À propos d’amour, Anke Vondung & Werner Güra en récital à La Monnaie
Consacré
à l'Italienisches
Liederbuch
(livre de chansons italiennes traduites par Paul Heyse), deux
recueils publiés par Hugo Wolf en 1891 puis 1896, le programme
auparavant présenté à Strasbourg et Paris, aura certainement mûri,
comme l’assurent les interprètes (un trio germano-autrichien déjà
apprécié sur ces mêmes planches de La Monnaie pour les
Liebeslieder
de Schumann en 2011 et Die
Allmacht
de Schubert en 2013).
Accompagné au piano par Christoph Berner, le couple se montre complice, humble et théâtral. Triangle amoureux formé par les deux voix et l'instrument, les lignes s’entremêlent dans une valse de couleurs romantiques avec une pointe d’audace stylistique. La structure très libre des Lieder d’Hugo Wolf laisse la part belle à la créativité dans un dialogue façon “recitativo arioso”, avec une petite touche d’humour et une bonne dose d’amour.
Romantisme oblige, ce sentiment est détaillé, entre amour déployé, caché et brisé, offrant aux trois artistes une très grande palette de teintes sentimentales, avec humilité, retenue et noblesse. 46 miniatures au service de l’amour, en conversation, joutent avec poésie, mais aussi un langage musical animé rappelant qu'il est contemporain de l’époque freudienne et sa psyché.
« En règle générale, l’aspect sensible est exagéré, parfois à l’extrême. Cela est associé à une tendance juvénile à tout dramatiser lorsqu’il est question de relations amoureuses. On obtient ainsi une succession de mini-drames dignes d’un marché italien » met en garde Anke Vondung, mais ici rien de tout cela grâce à l'art de la nuance. La voix chaude, très dessinée, légèrement soufflée de la mezzo-soprano se place entre richesse lyrique et diction baroque. La maîtrise des mots, les jeux de souffle, l’amour des intonations portent des sentiments humains perceptibles. “Ich esse nun mein Brot nicht trocken Mehr” (Je ne mange plus mon pain sec) se livre haché, suppliant et libre. L'allemand du texte est sa langue maternelle, l'italianité lui est également facile, sensuelle, colérique, sombre et entière (“Du sagst mir, daß ich keine Fürstin sei”, Tu me dis que je ne suis pas une princesse), se dessine d’une voix tempérée, féminine, acidulée et riche.

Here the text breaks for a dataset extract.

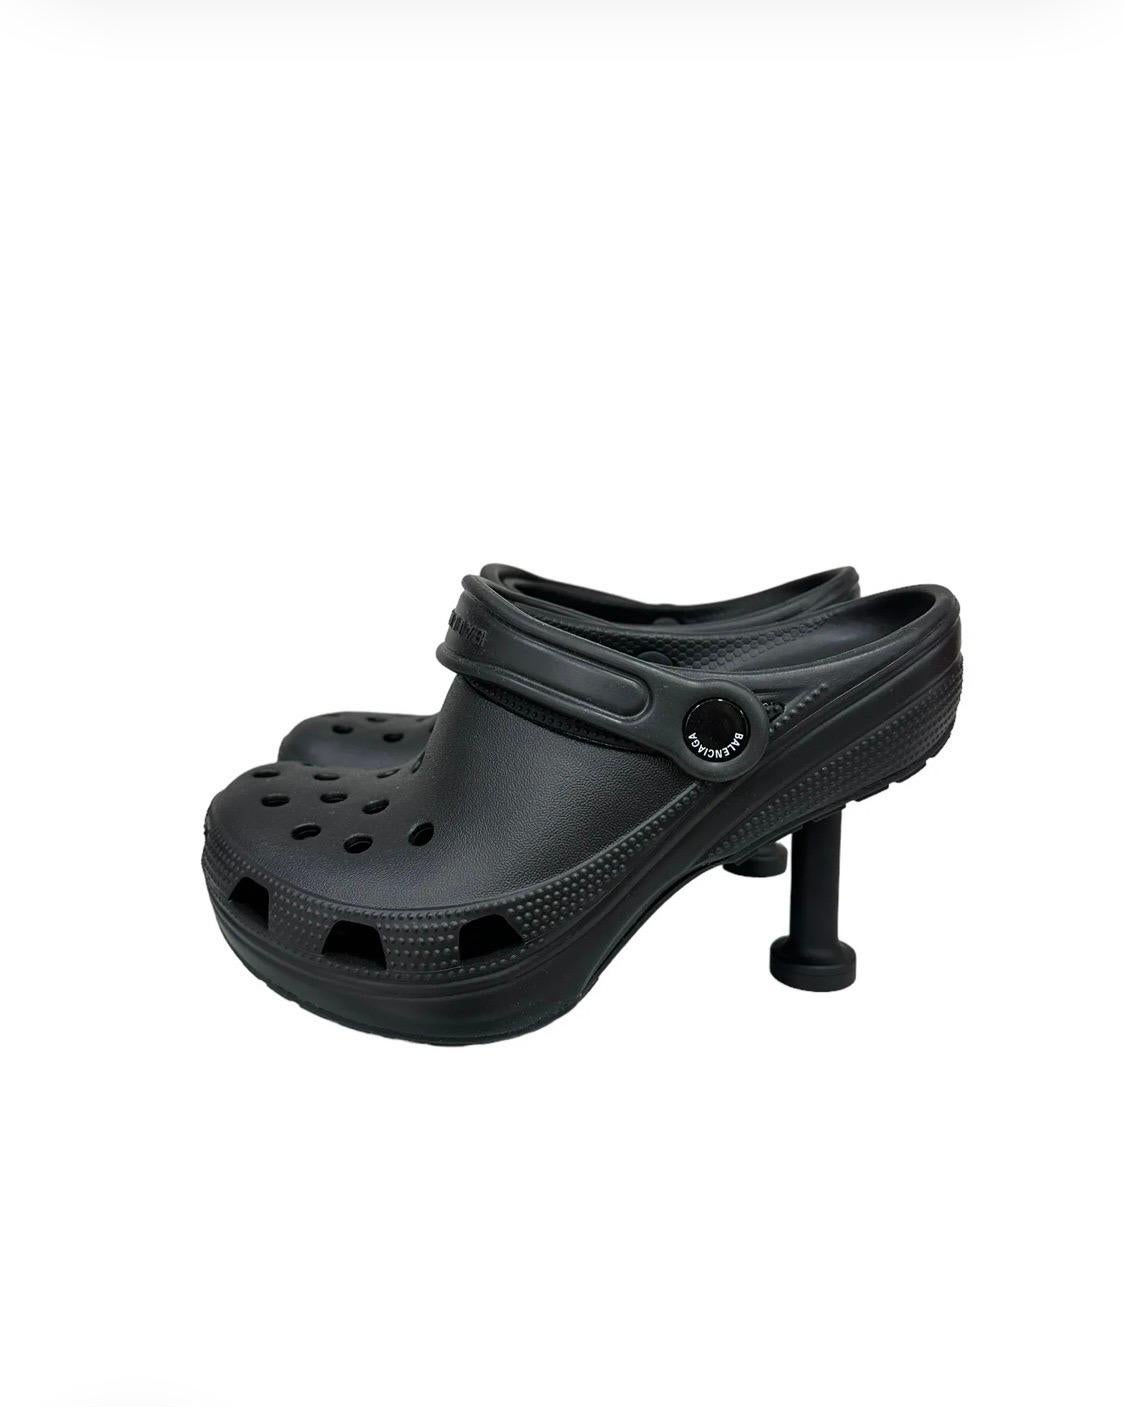 Pump Crocs Madame firmate Balenciaga x Crocs, collezione Clones Limited Edition, realizzata in gomma nera con hardware nero. Présente une pointe arrondi avec un tacco de 8 centimètres. La partie postérieure est dotée d'une bande avec le logo de la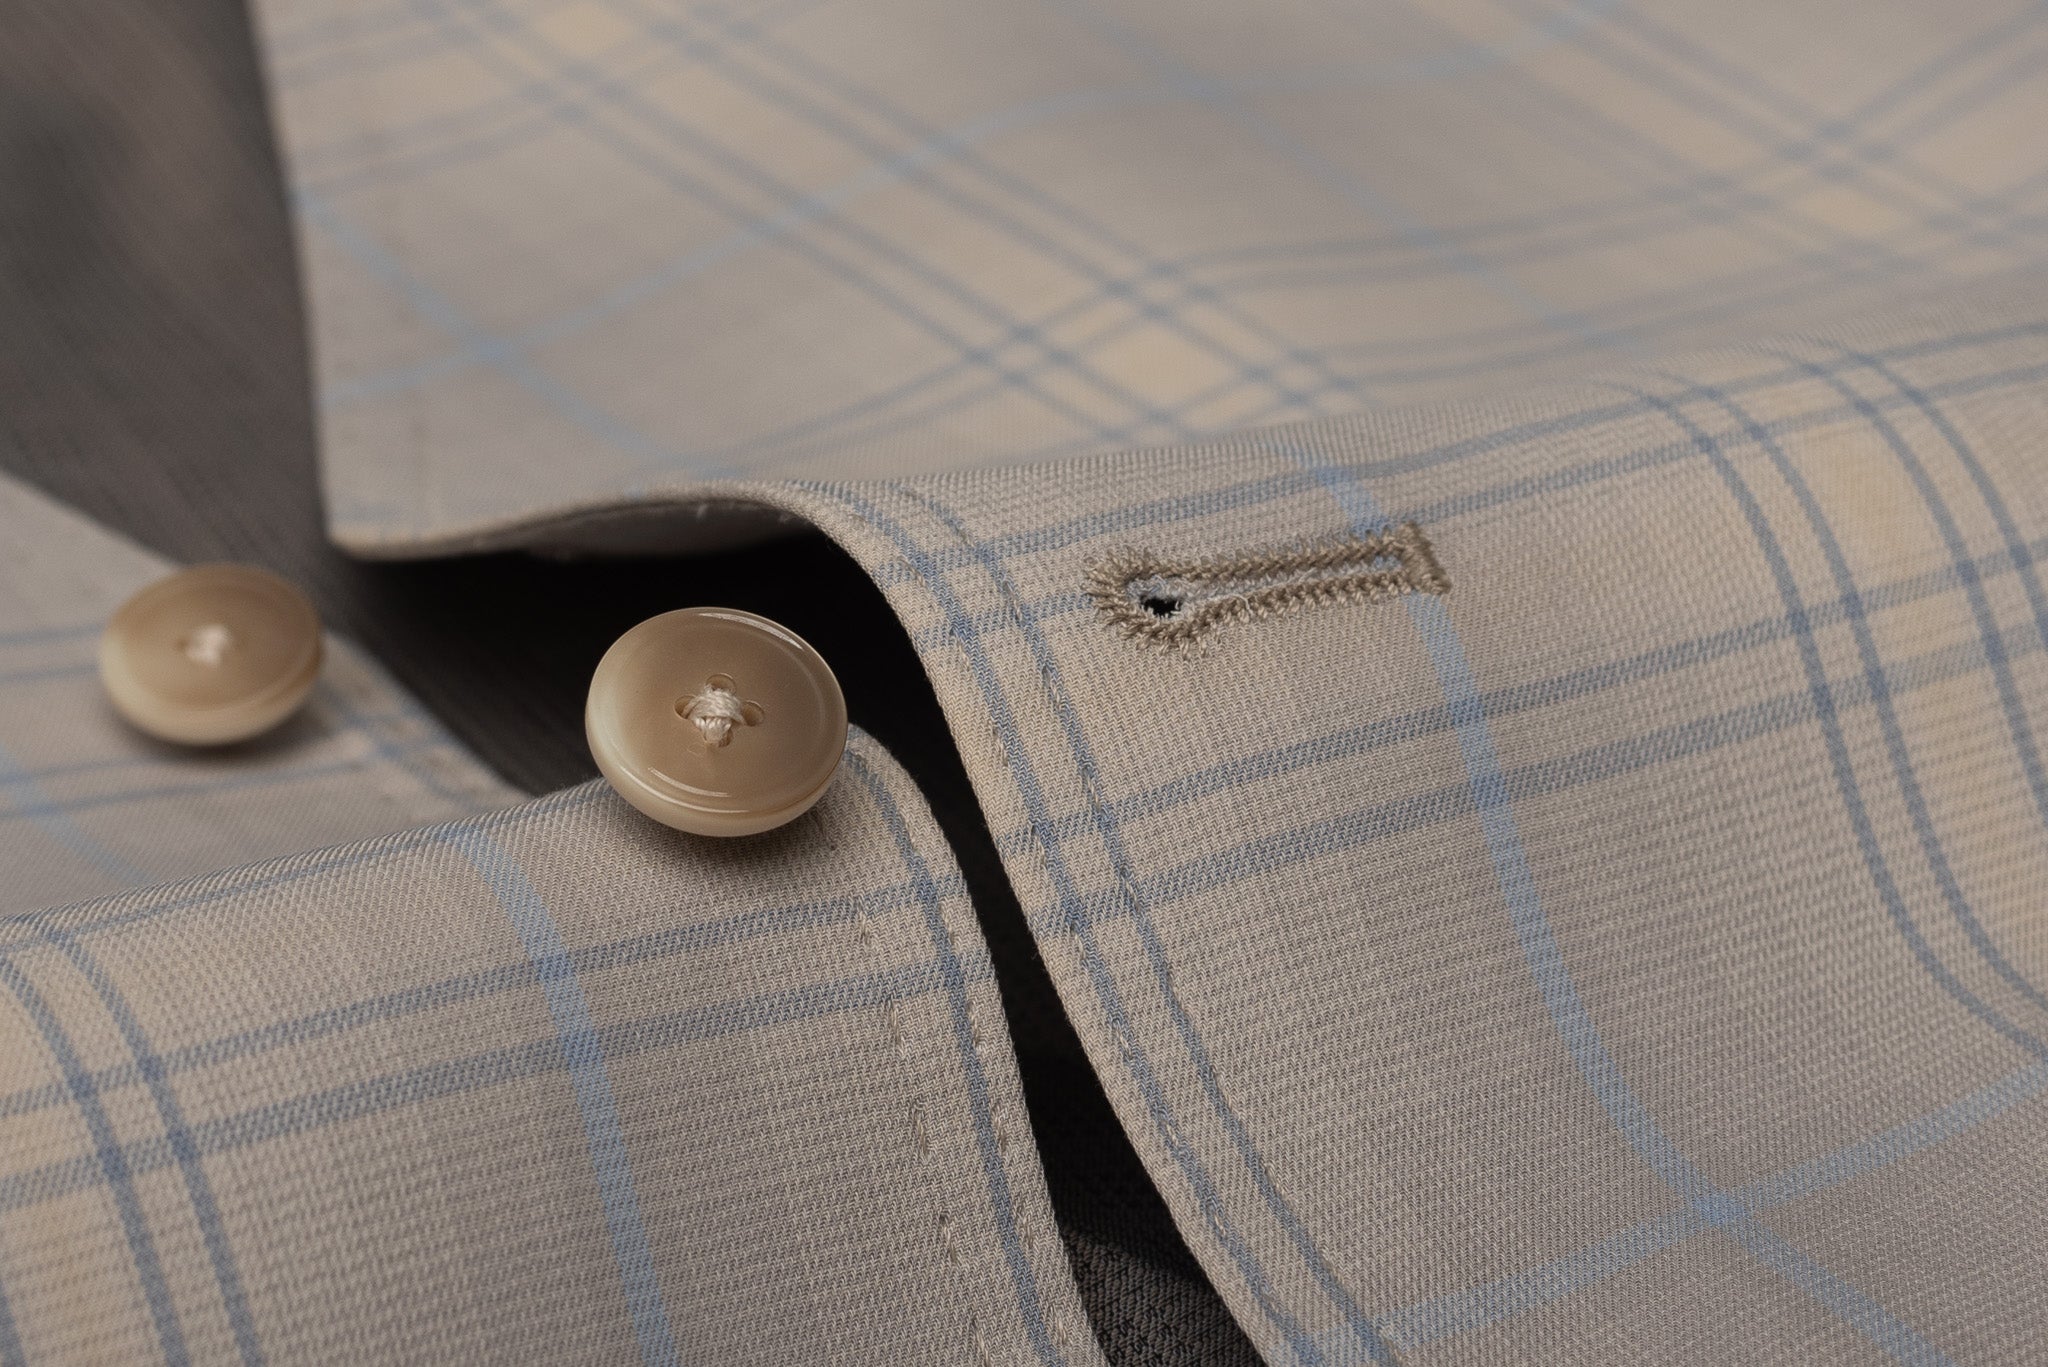 BOGLIOLI Milano Gray Plaid Cotton 4 Button Vest Waistcoat EU 48 NEW US 38 BOGLIOLI

Noble, posée et naturelle, légèrement chaude, la voix de Werner Güra tempère les aigus de la chanteuse avec sagesse. Ancré, légèrement en retrait, son ténor chaste est parfois plus malicieux encore, mais surtout poignant dans les Lieder les plus sombres. “Heut’ Nacht erhob ich mich um Mitternacht” (La nuit dernière je me suis levé à minuit), volontairement dissonant et lent dévoile un amour honnête avec peine, ou “Der Mond hat eine schwere Klag' erhoben” (La lune a élevé une plainte grave) avec l'accompagnement progressif de Christoph Berner en touches minimalistes et volatiles. Toutefois, la vélocité de Werner Güra est légèrement en reste lors de l’interprétation du “Nein, junger herr” (Non, jeune homme), d’apparence simple mais finalement acéré et vorace ou encore “Laß sie nur gehen” (Laisse-la partir), loin de la sincérité sombre des autres morceaux.
Véritable dialogue amoureux, complice, nuancé avec sagesse et compassion, l'Italienisches Liederbuch d’Hugo Wolf s’incarne cependant dans une modernité et un amour inconditionnel de l’esprit romantique italien, mêlé à la beauté d’une langue allemande très sensuelle.